= Material provided =
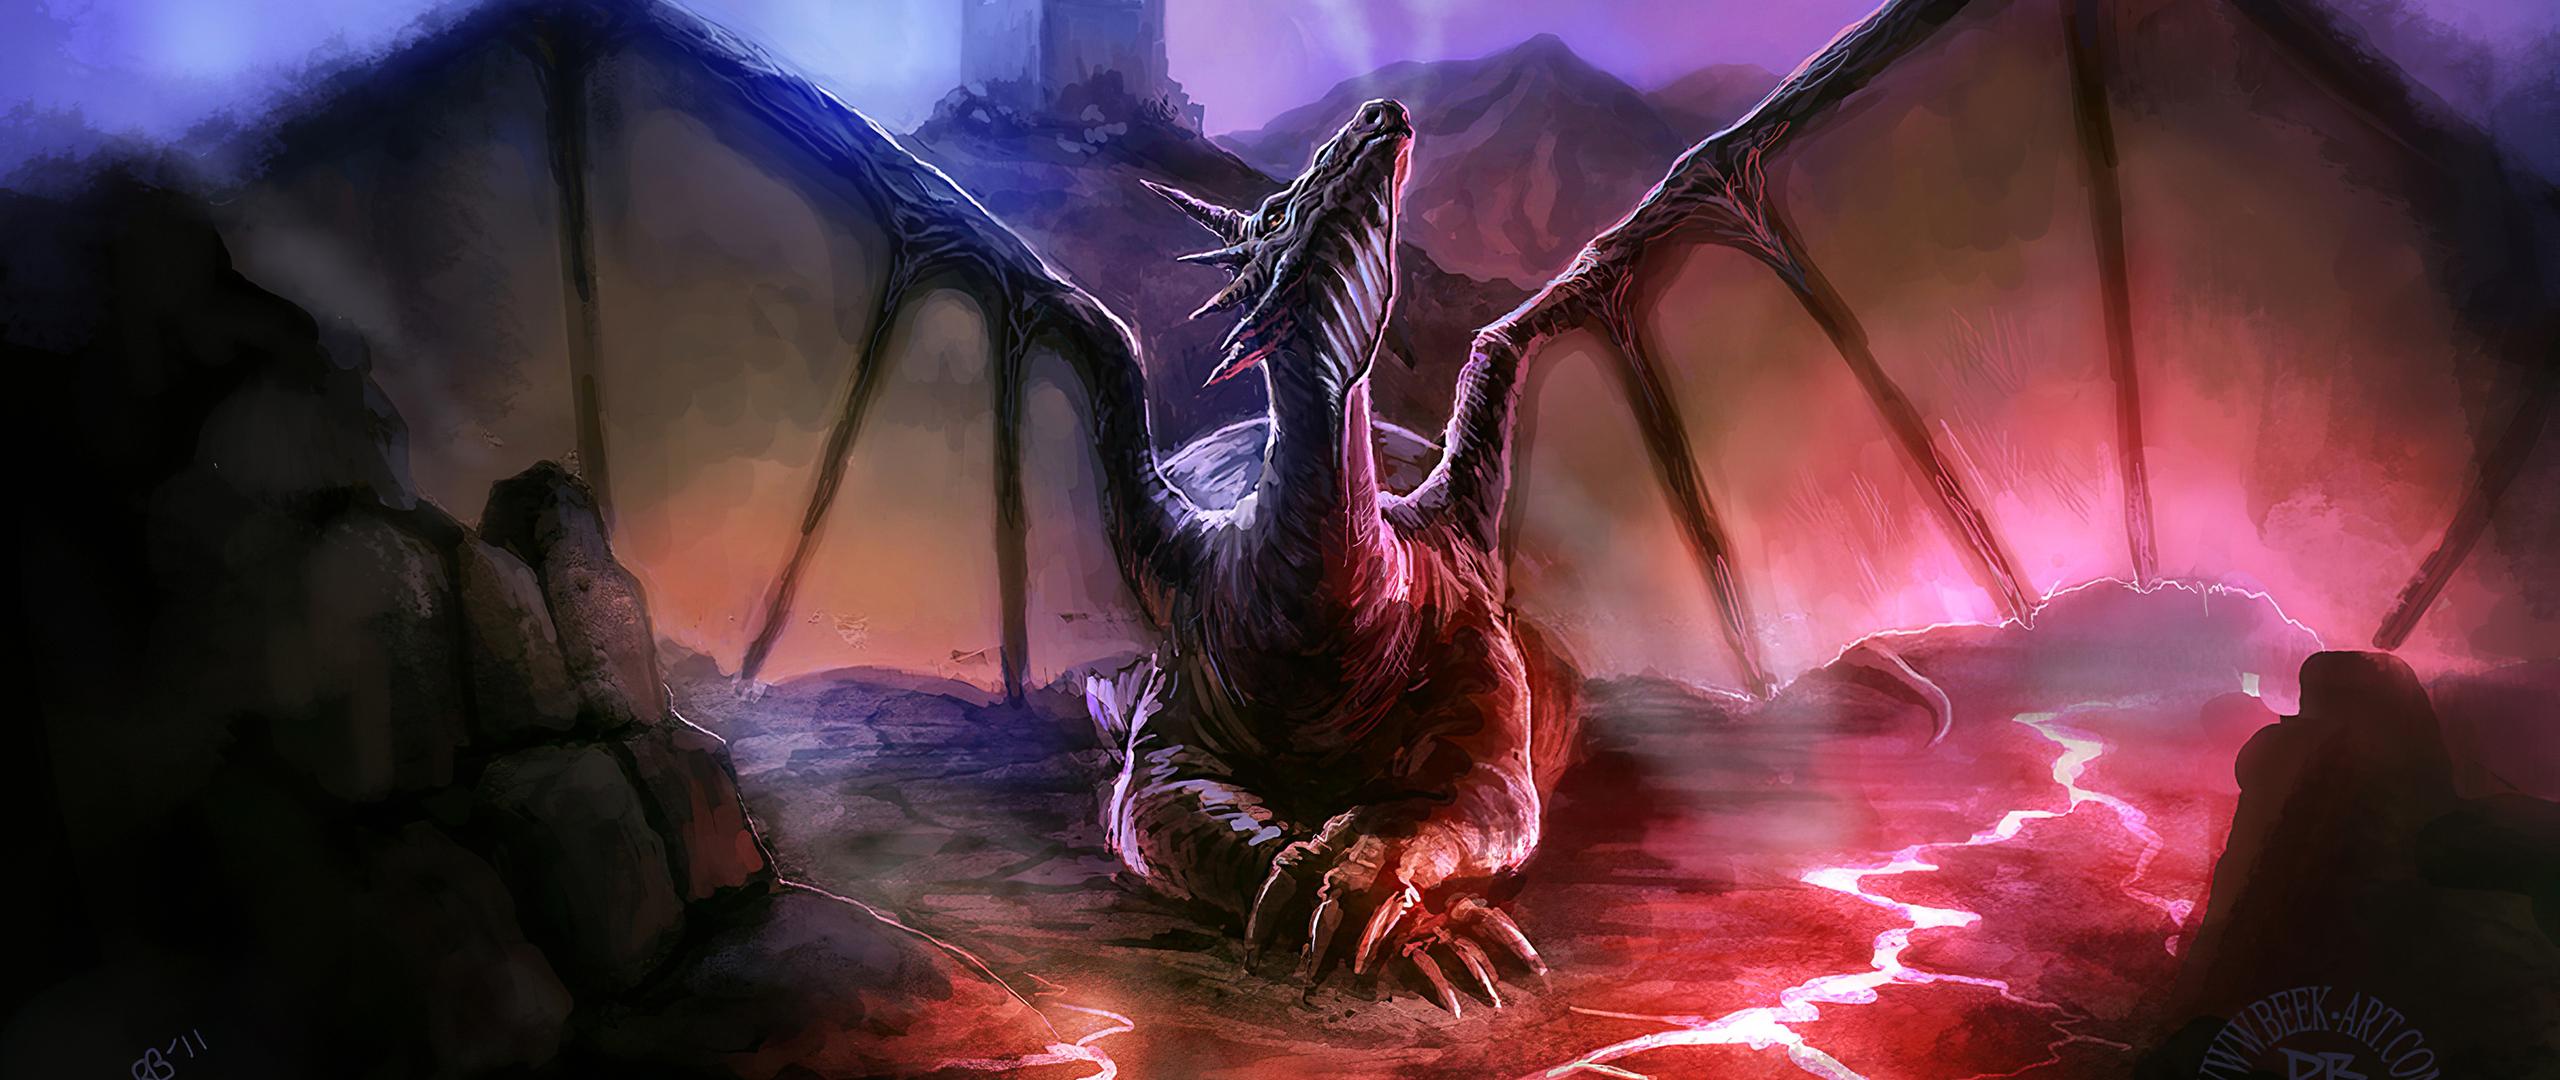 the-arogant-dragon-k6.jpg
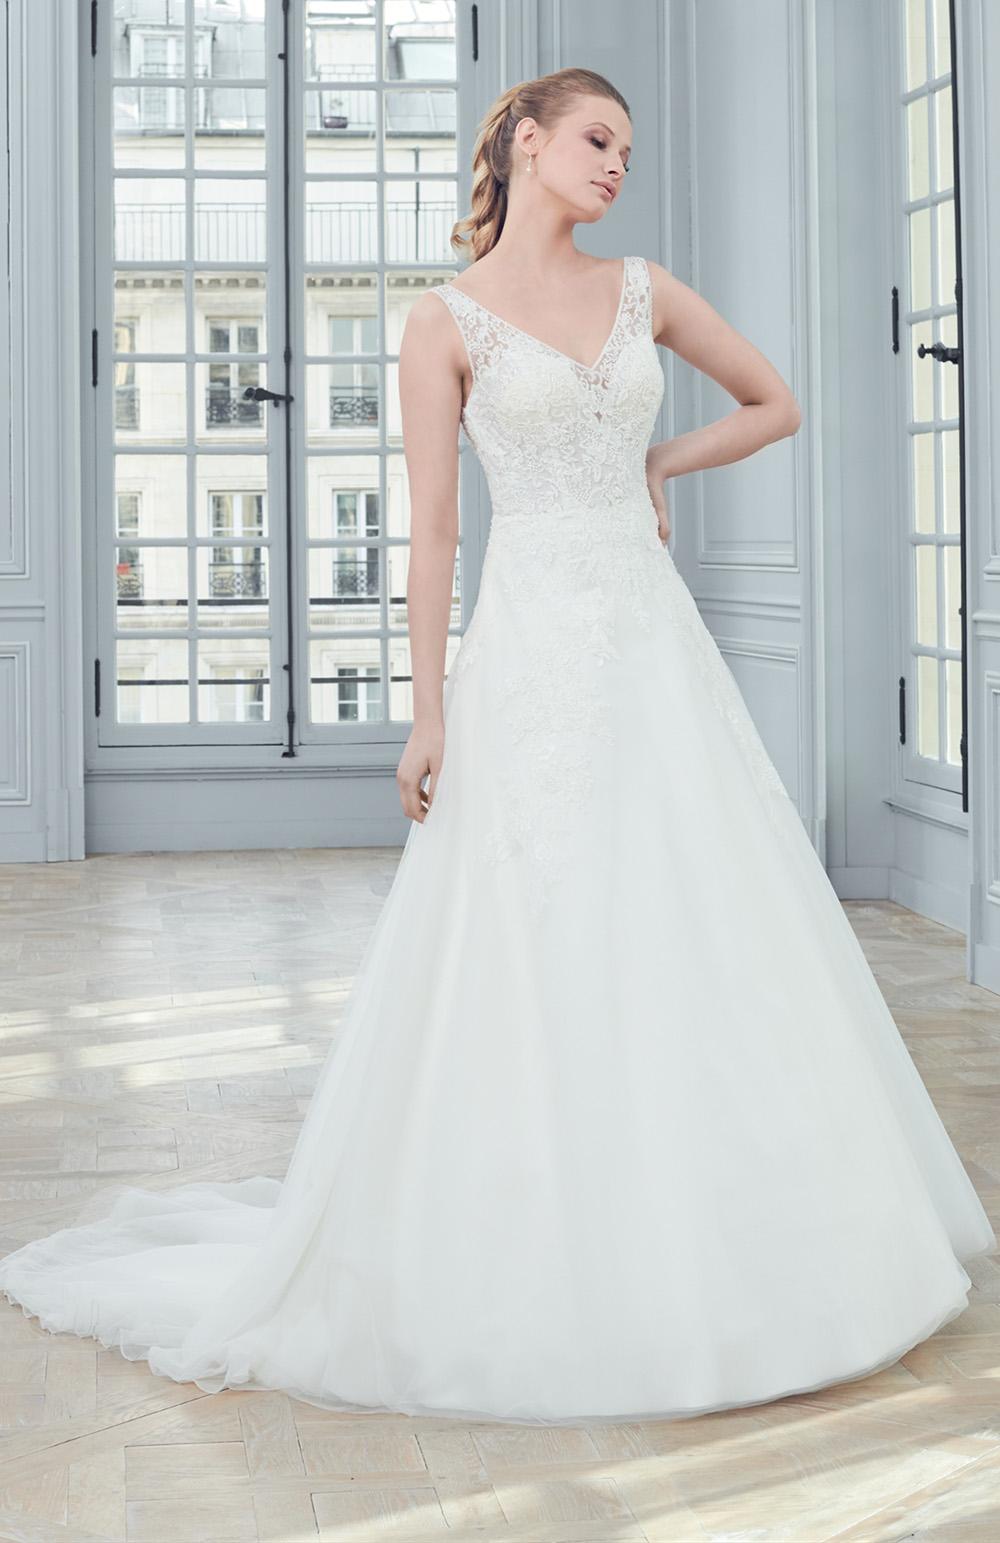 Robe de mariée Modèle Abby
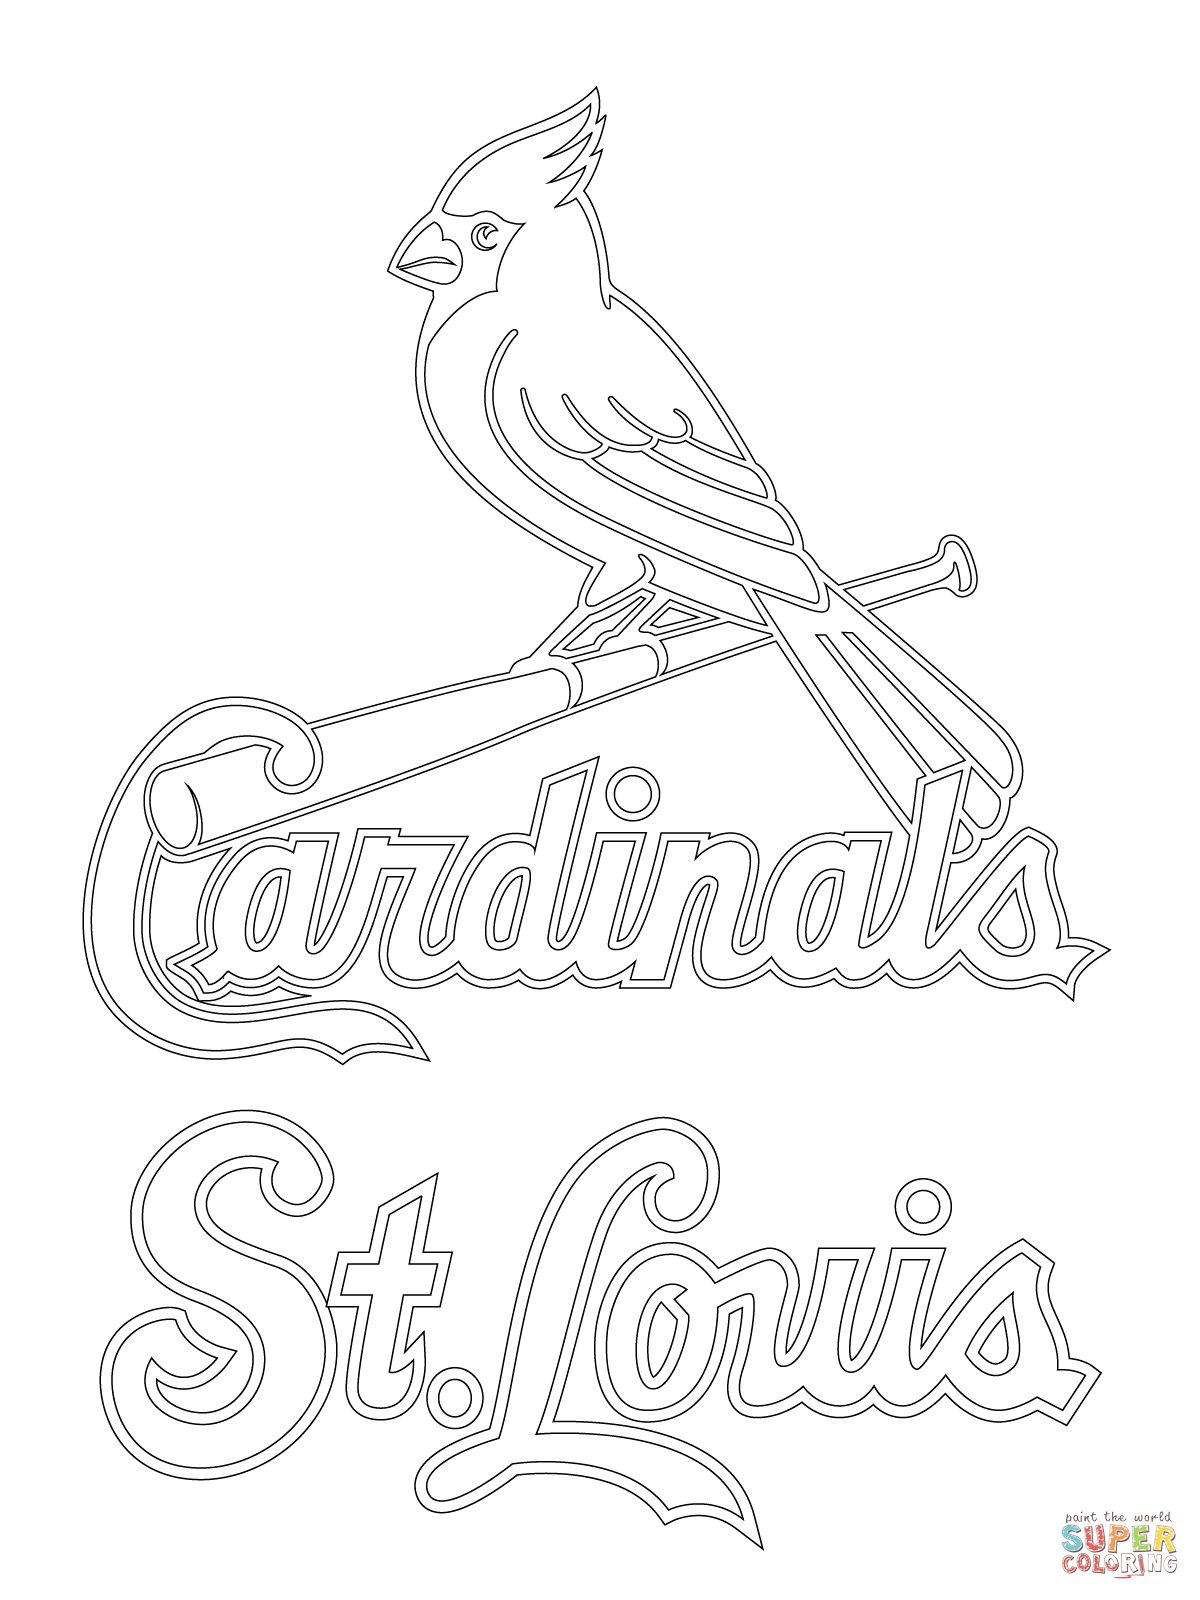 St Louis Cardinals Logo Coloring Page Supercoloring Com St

= Prompt =
Return all of the material above unchanged, minus its pictures.

= Reply =
 the-arogant-dragon-k6.jpg
 Robe de mariée Modèle Abby
 St Louis Cardinals Logo Coloring Page Supercoloring Com St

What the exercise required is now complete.